— INFORMATION PROVIDED —
++++++

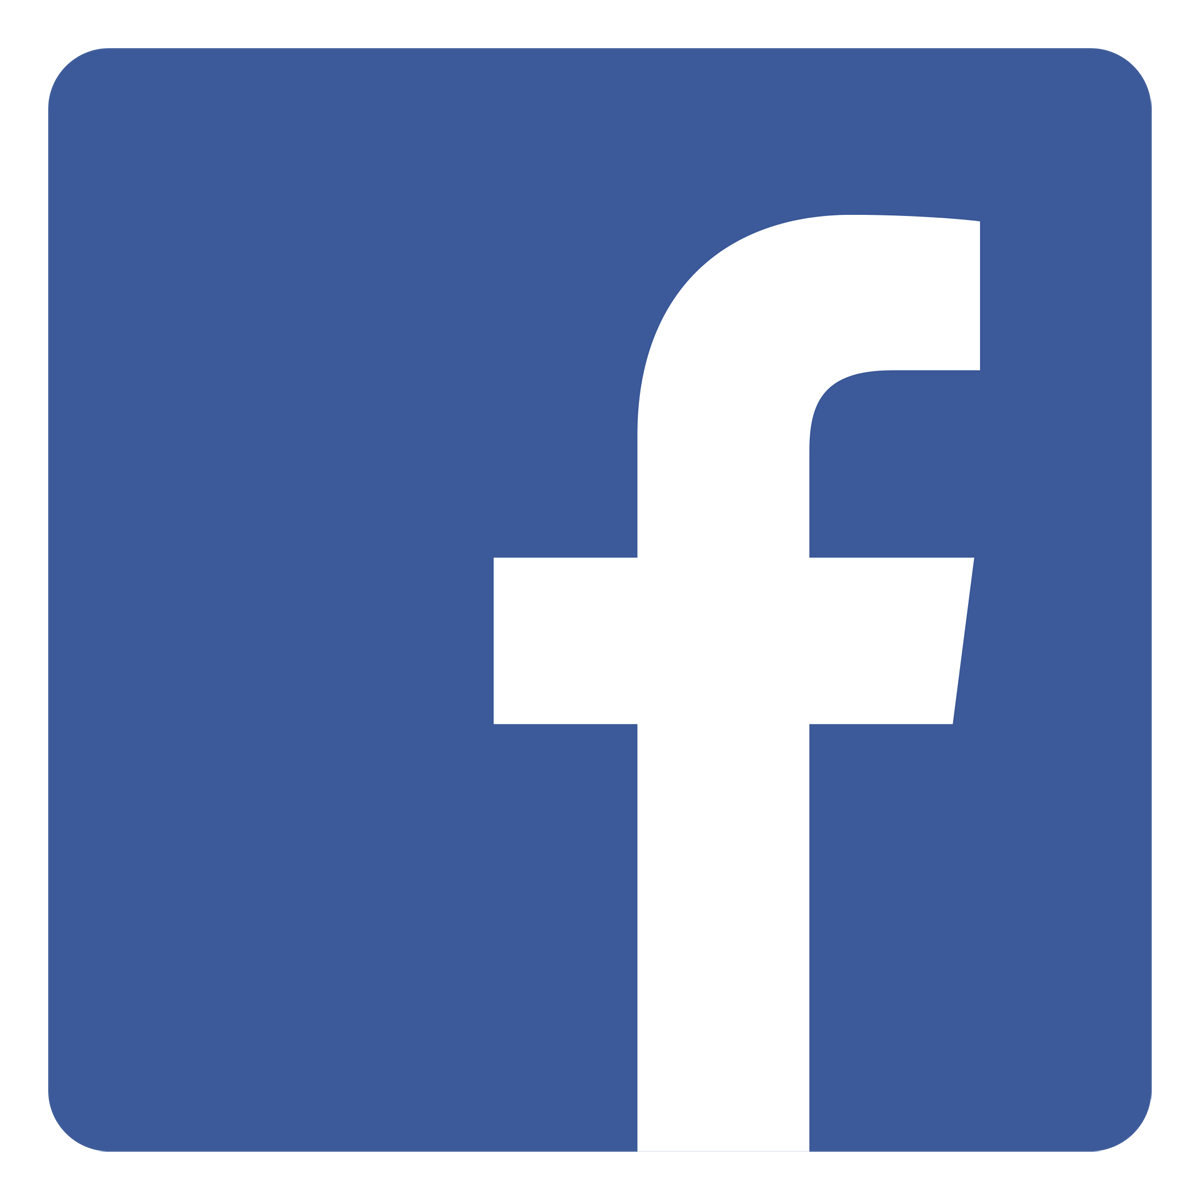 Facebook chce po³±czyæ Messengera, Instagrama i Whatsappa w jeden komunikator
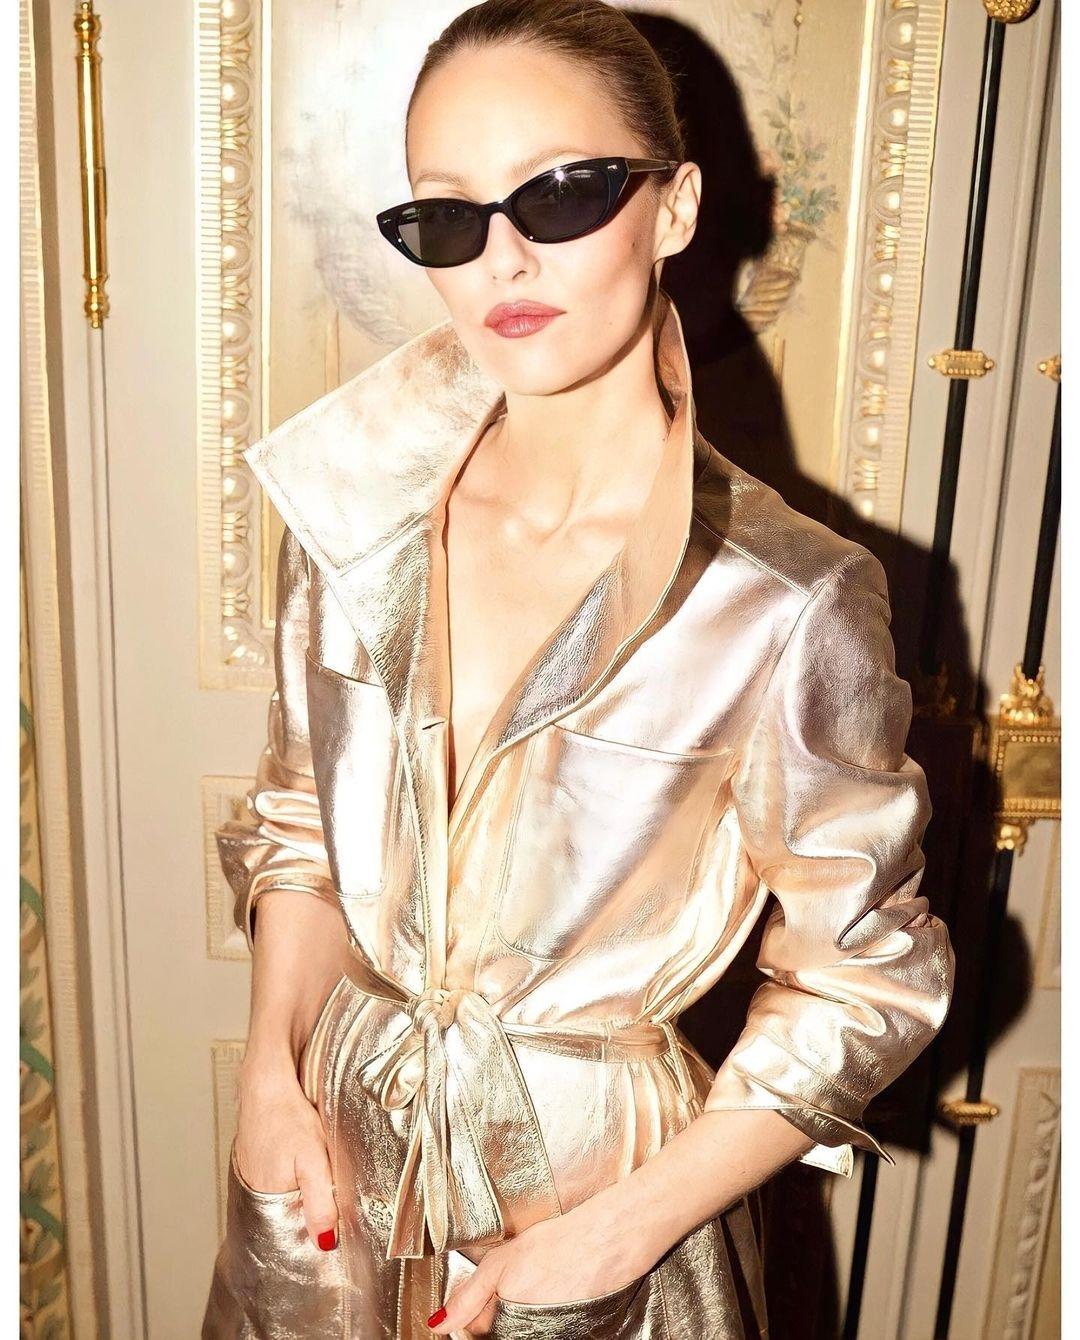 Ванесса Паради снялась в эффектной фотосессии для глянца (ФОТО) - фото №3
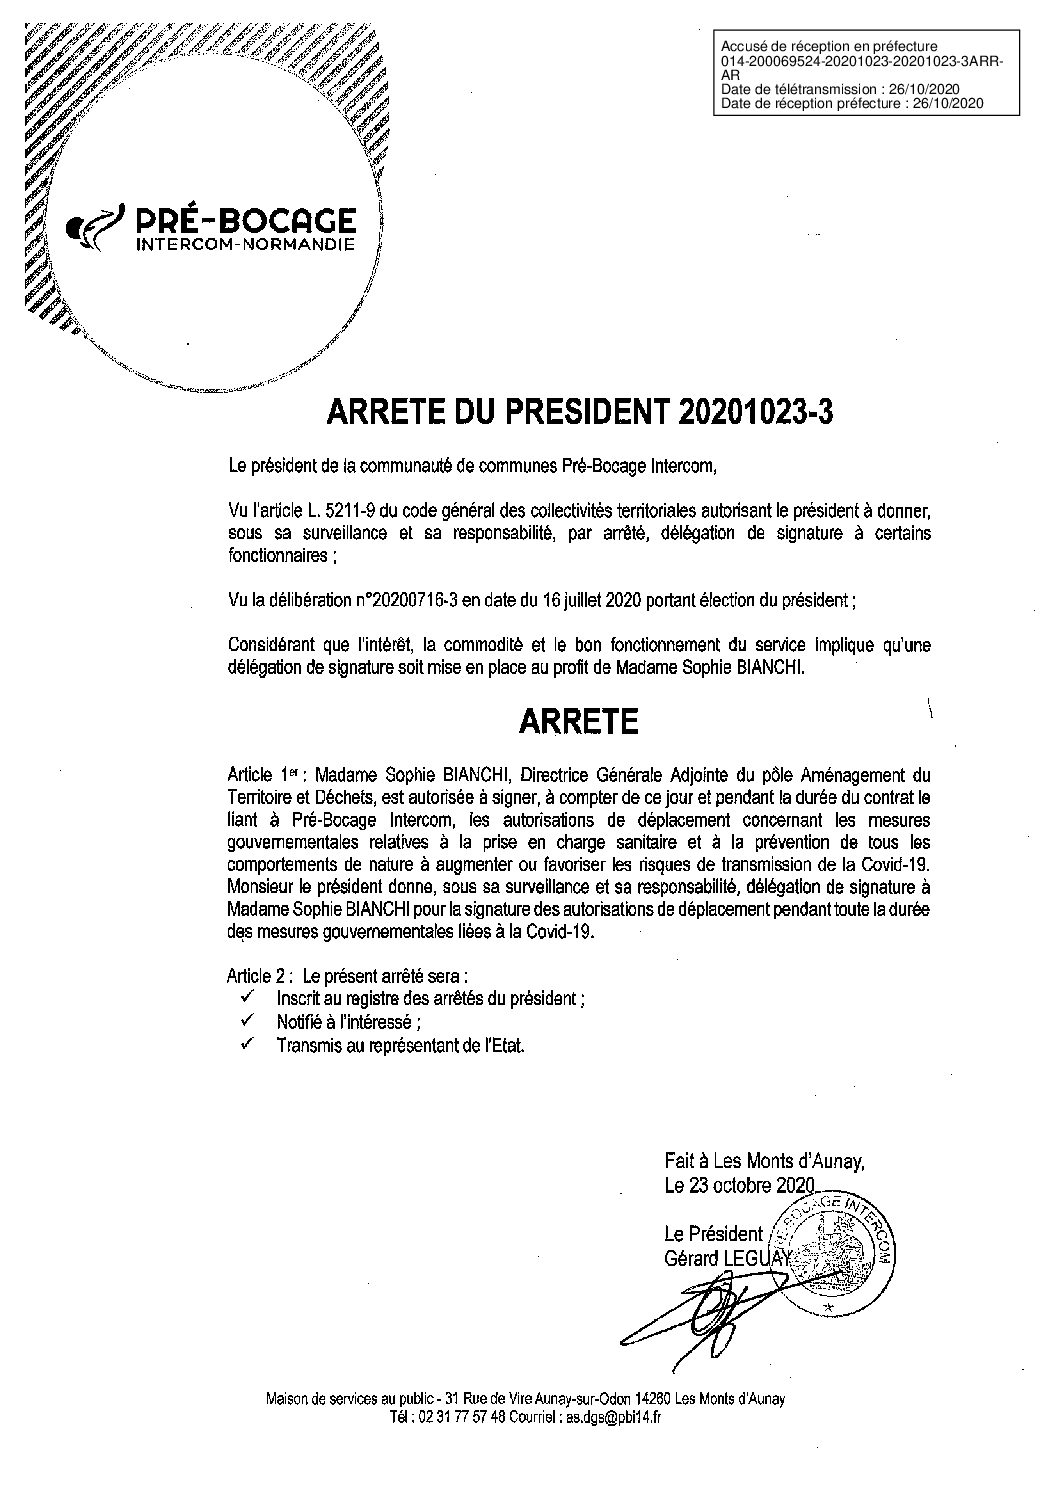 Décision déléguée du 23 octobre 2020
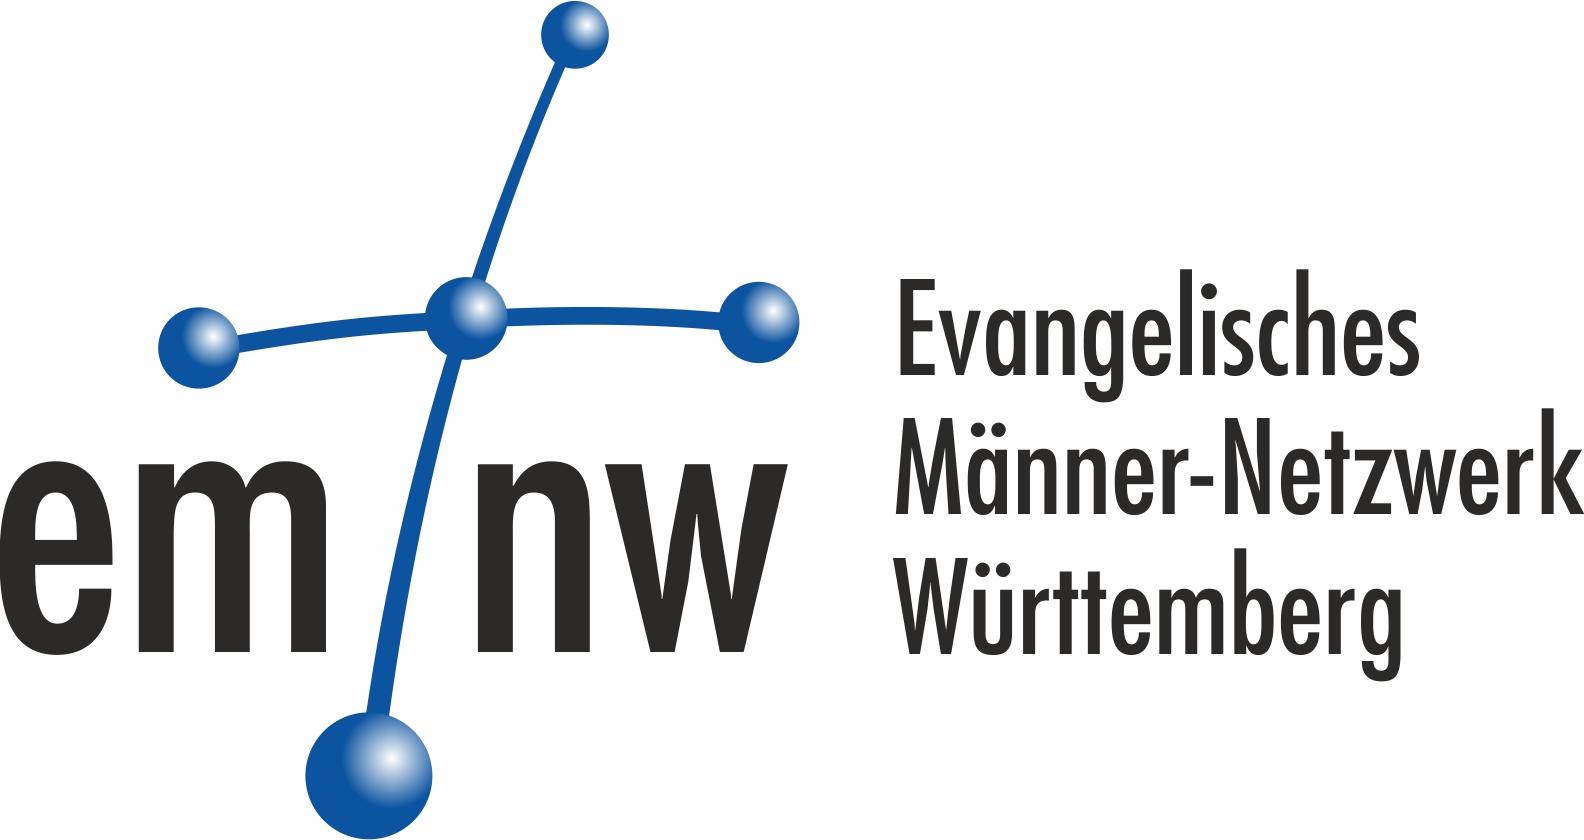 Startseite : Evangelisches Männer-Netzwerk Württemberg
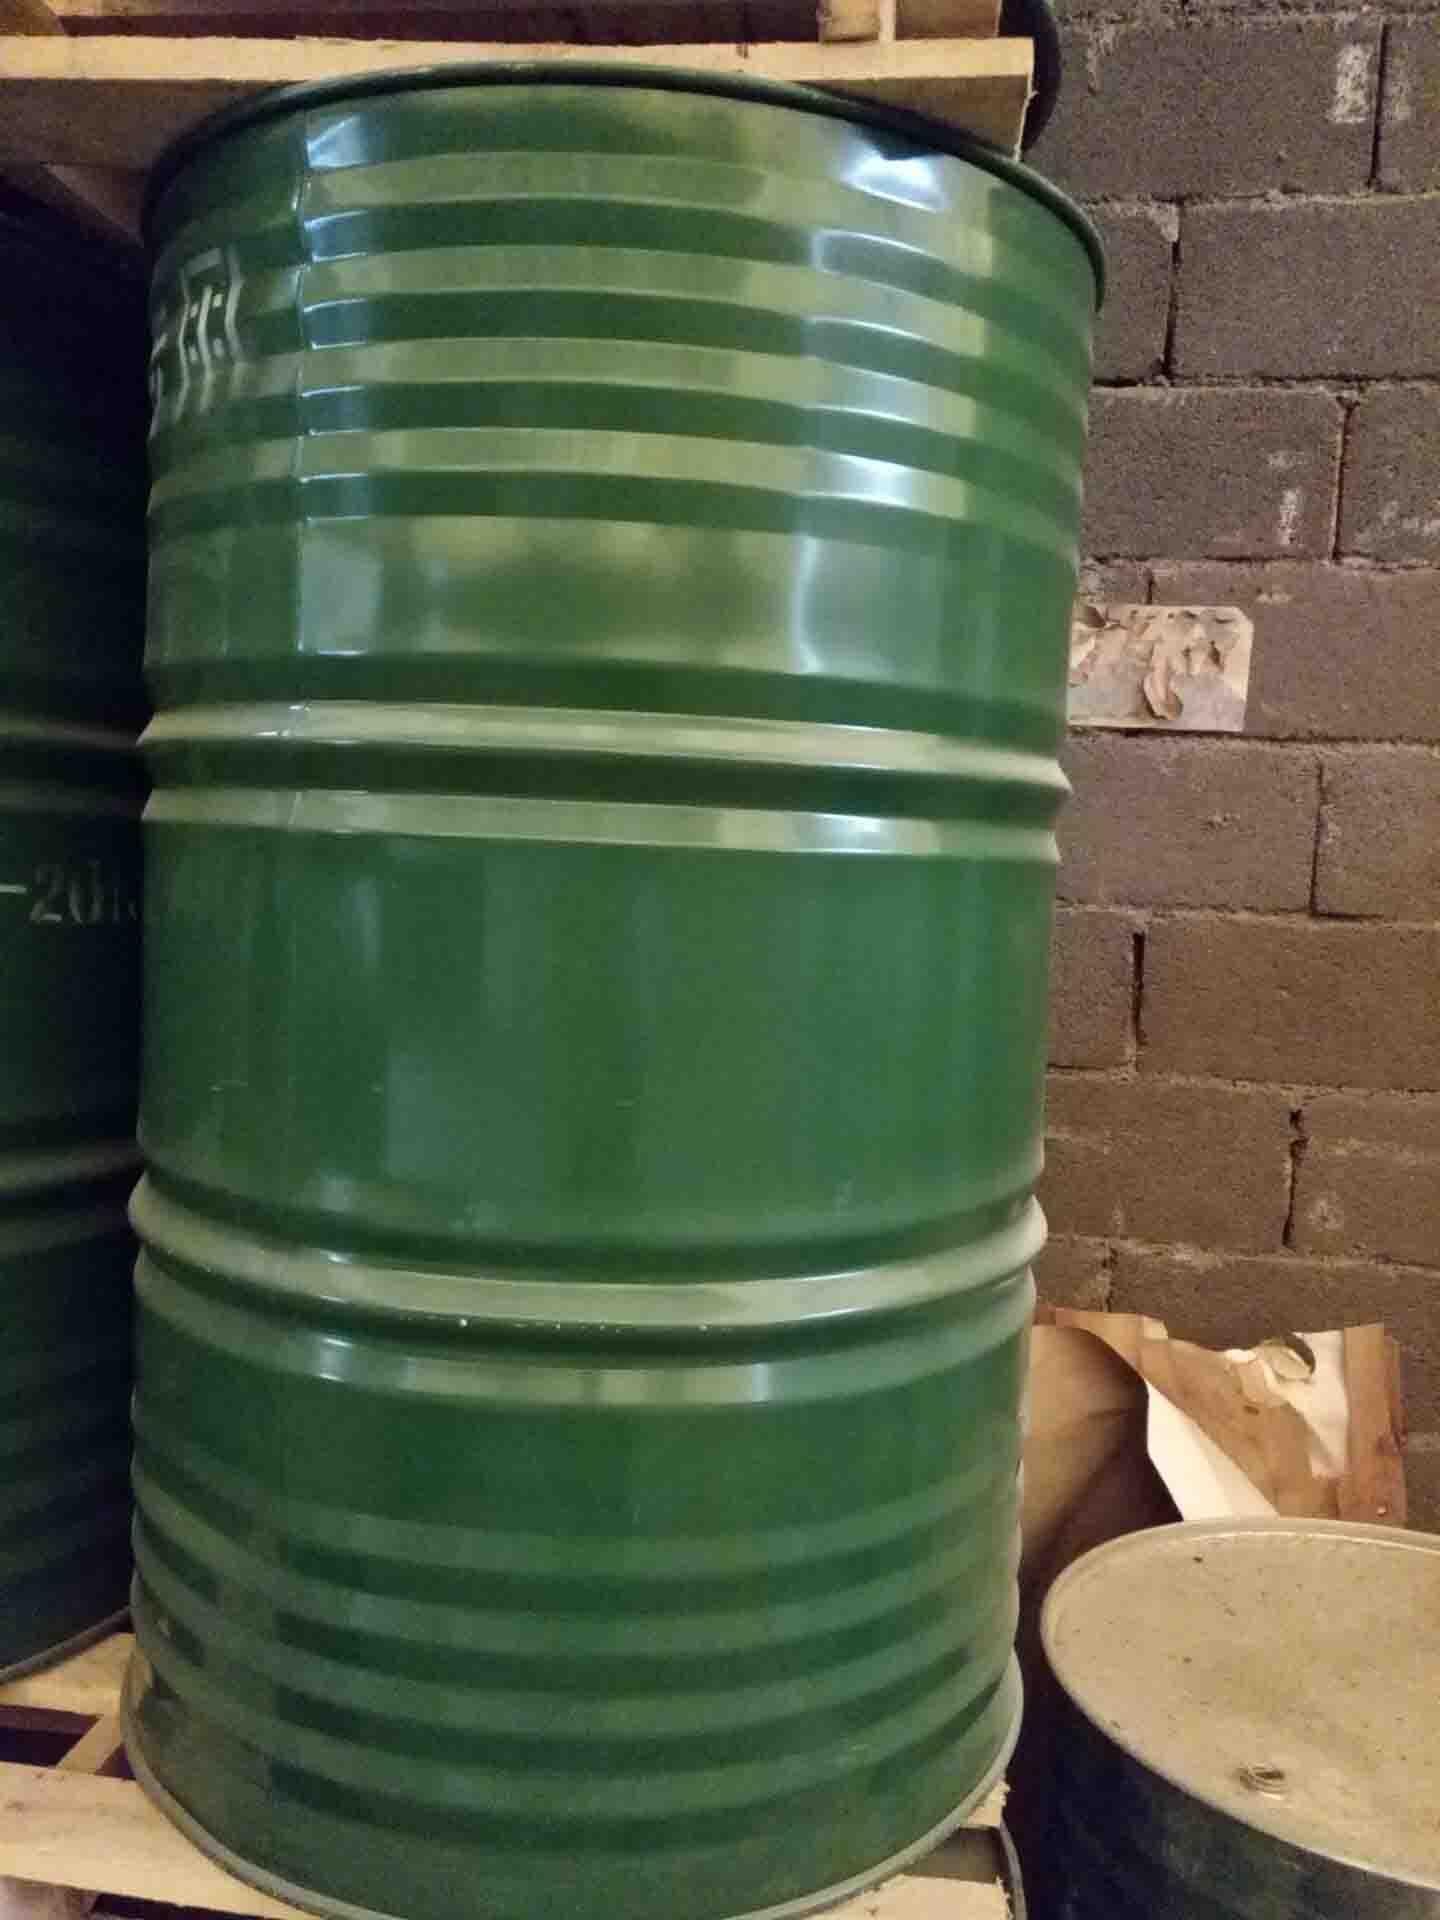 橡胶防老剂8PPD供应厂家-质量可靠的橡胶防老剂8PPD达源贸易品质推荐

++++++

— WORK TO BE COMPLETED —
Write out every entry again word for word, without any of the pictures.

— TASK ANSWER —
 Facebook chce po³±czyæ Messengera, Instagrama i Whatsappa w jeden komunikator
 Ванесса Паради снялась в эффектной фотосессии для глянца (ФОТО) - фото №3
 Décision déléguée du 23 octobre 2020
 Startseite : Evangelisches Männer-Netzwerk Württemberg
 橡胶防老剂8PPD供应厂家-质量可靠的橡胶防老剂8PPD达源贸易品质推荐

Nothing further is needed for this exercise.